• _About this exercise_:
Nothing outside the range is wanted. Repeat exactly the lines below from the one with "Hollywood Florida, Intracoastal" through the one with "Formalités visa pour".

• _Input data_:
----------------
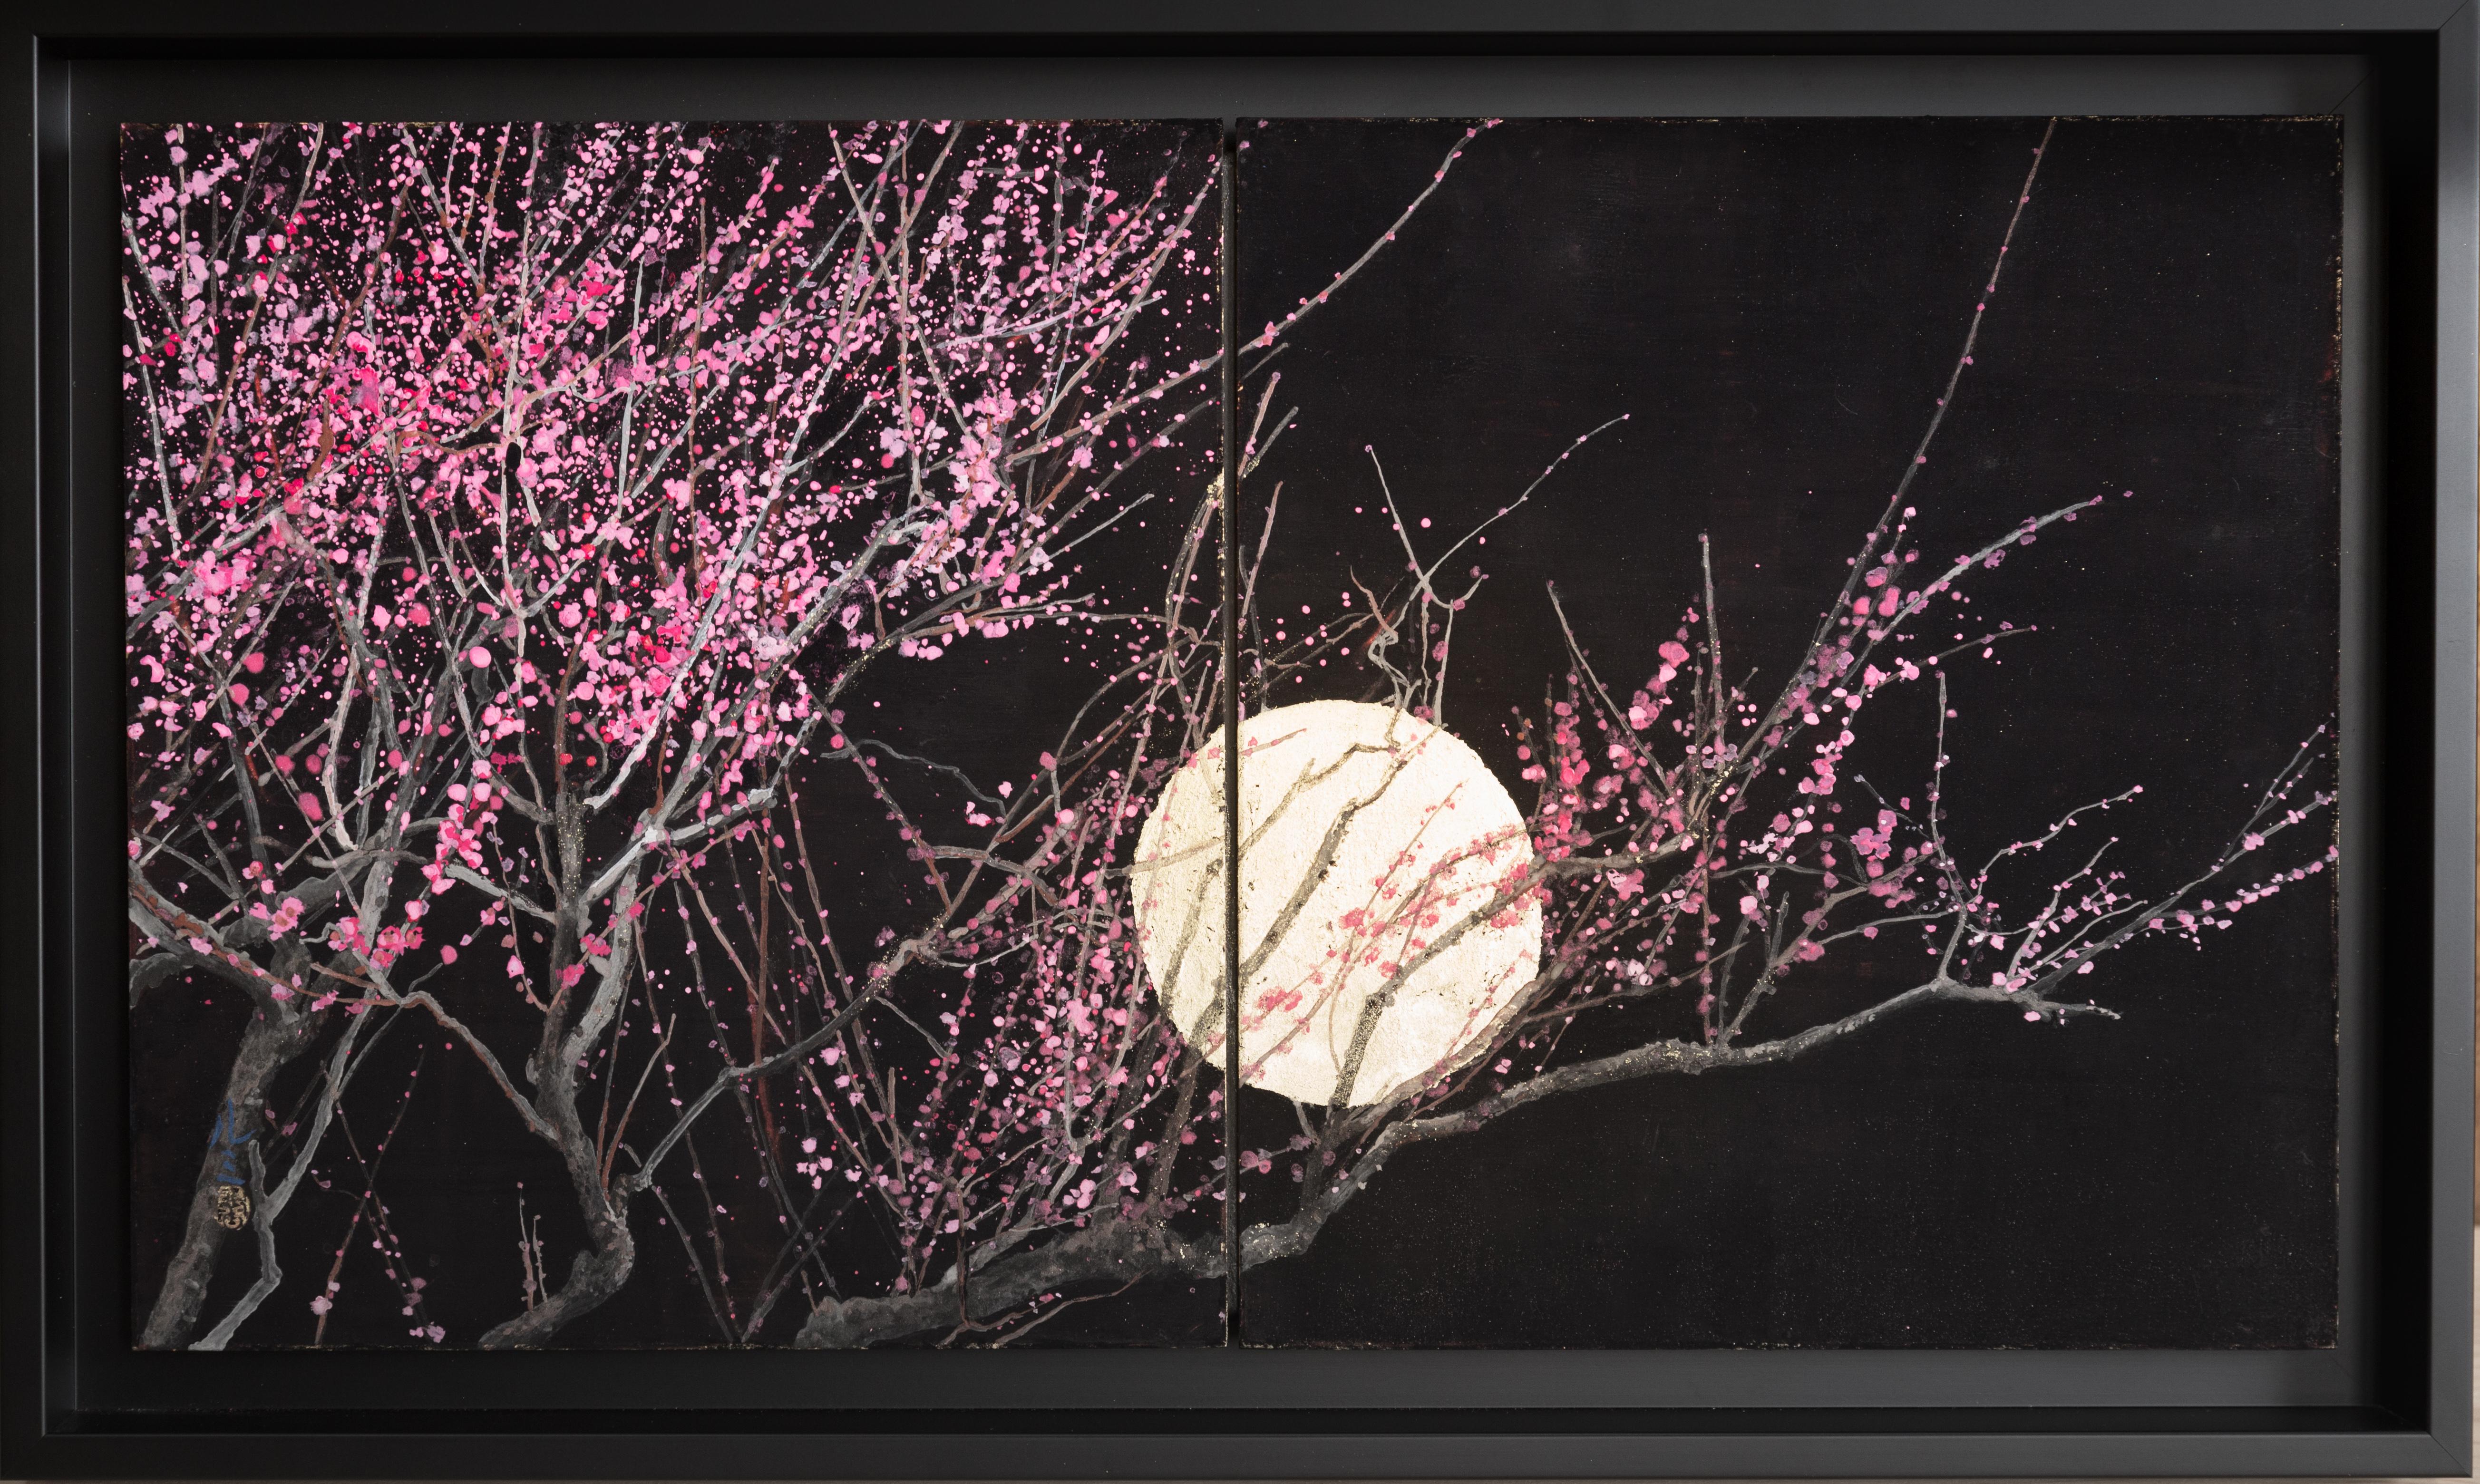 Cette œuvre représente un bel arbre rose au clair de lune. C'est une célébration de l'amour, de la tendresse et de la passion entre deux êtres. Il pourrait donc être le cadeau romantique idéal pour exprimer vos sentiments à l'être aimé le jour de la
----------------
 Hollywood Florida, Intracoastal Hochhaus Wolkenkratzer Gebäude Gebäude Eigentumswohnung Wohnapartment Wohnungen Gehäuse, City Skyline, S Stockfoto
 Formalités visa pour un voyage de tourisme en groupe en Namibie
----------------
• _Result for this task_:
 Hollywood Florida, Intracoastal Hochhaus Wolkenkratzer Gebäude Gebäude Eigentumswohnung Wohnapartment Wohnungen Gehäuse, City Skyline, S Stockfoto
 Formalités visa pour un voyage de tourisme en groupe en Namibie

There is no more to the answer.